Чего чего, а такого я не ждал.
И он, как будто прочего мало, ещё и помнит меня.
И сразу промелькнула мысль, а попробует ли он меня подкупить?
Причем на одной чаше весов будет работа на него, а на другой…
Видимо, смерть?
Хотя я не знаю с какой целью вызволять человека из заключения чтобы убить его при других обстоятельствах.
Но видимо, он действительно будет рад, если один из крупнейших репортёров страны будет работать на него.
Вот только он не будет, и в то же время мне все равно предстоит встреча с Леонардом.
Я раздумывал над этими поворотами судьбы, когда водитель затормозил у какой-то деревеньки и пошёл за бензином.
За время его отсутствия к машине подбежали крестьянские дети и облепили её, и хотя со мной они не разговаривали, шалили они так, же как всегда.
Война их не затронула, или почти не затронула.
Они залезли на место водителя и я им дал свой портсигар, найденный в своей куртке и пропущенный охранником – импортный и серебряный, я его привёз из Индии, и ребятишки восхищённо вертели его в руках, а когда я им показал, как разжигать огонь, даже почувствовал себя Прометеем, что просвещает простодушных, но любопытных скифов.
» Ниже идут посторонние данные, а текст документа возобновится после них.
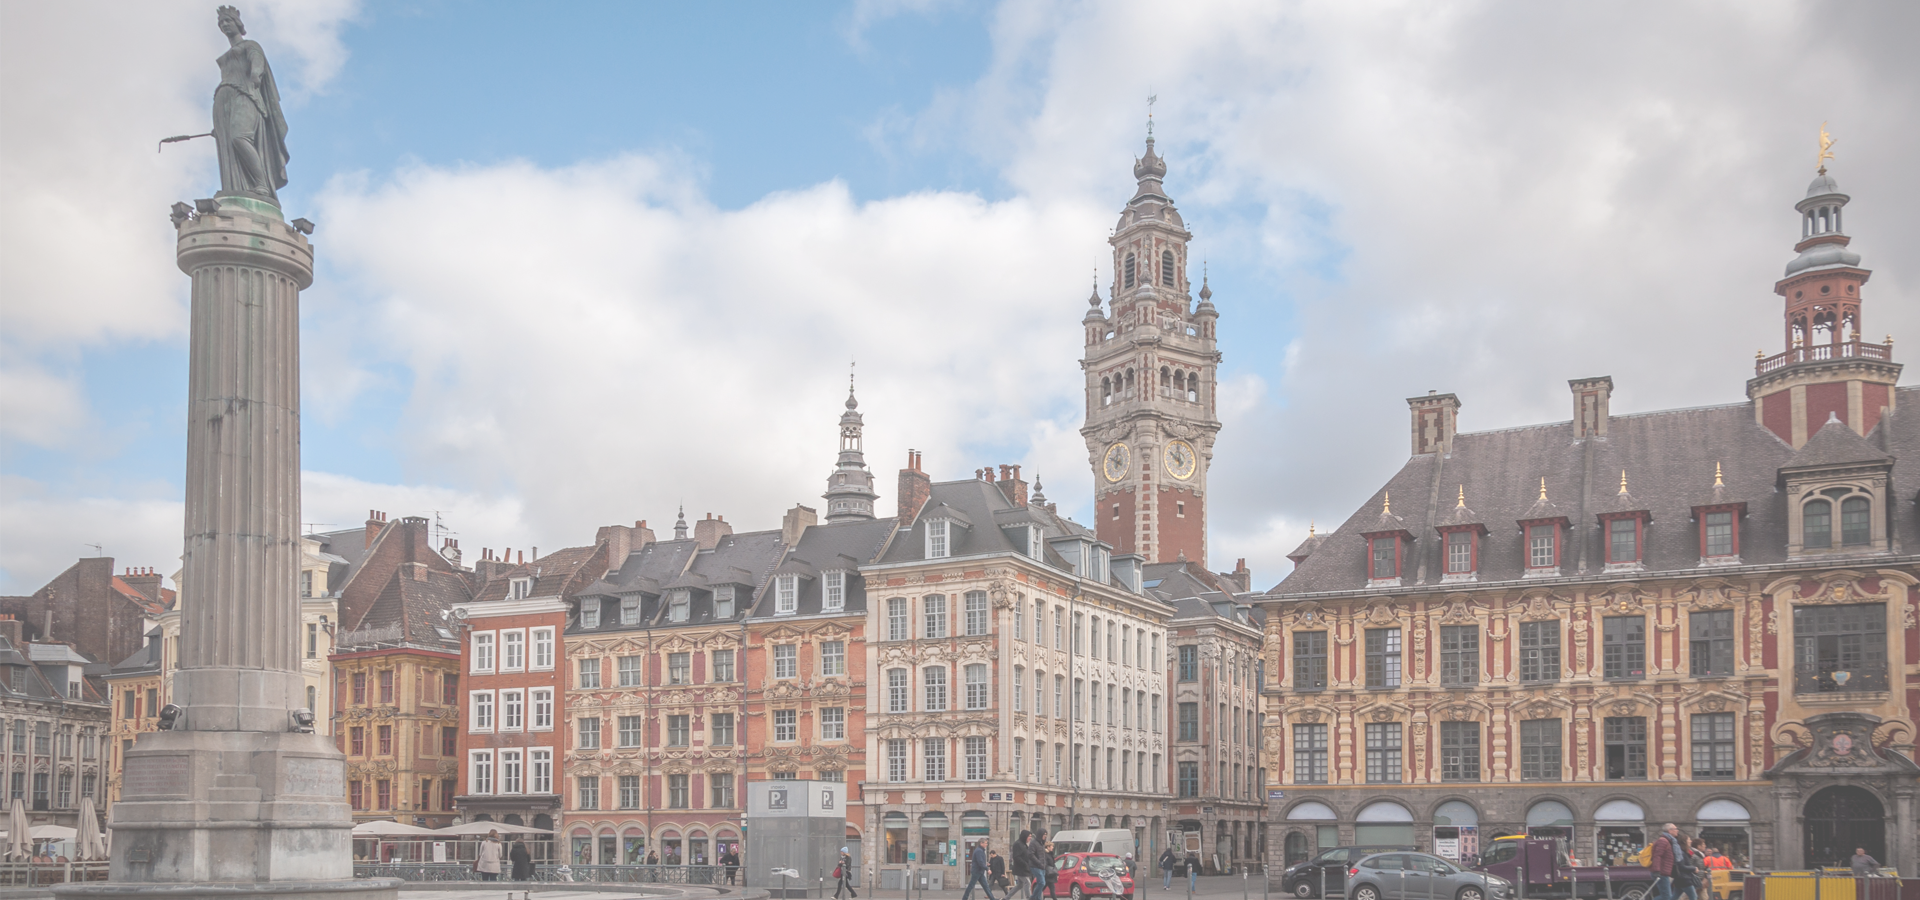 Peer-to-peer advisory in Lille, Département du Nord, Hauts-de-France, France

Внезапно их окликнула девушка – молодая и миловидная, они сбежались гурьбой к ней, робко оставив портсигар на сиденье.
Я показал его ей, намекая на то, что играл с ребятишками, и она улыбнулась мне, проводила детей в дом а затем вернулась и предложила мне стакан молока.
Я от всей души поблагодарил её, так как из-за быстро следующих друг за другом событий позабыл о голоде и жажде, и только сейчас понял, насколько я устал и проголодался.
Она была похожа на добрую нереиду – и я уж не знаю, почему у меня возникла такая ассоциация, но, примеряя это слово к ней, и подивившись тому, насколько оно к ней подошло, я так и стал её называть, а она лишь улыбалась в ответ.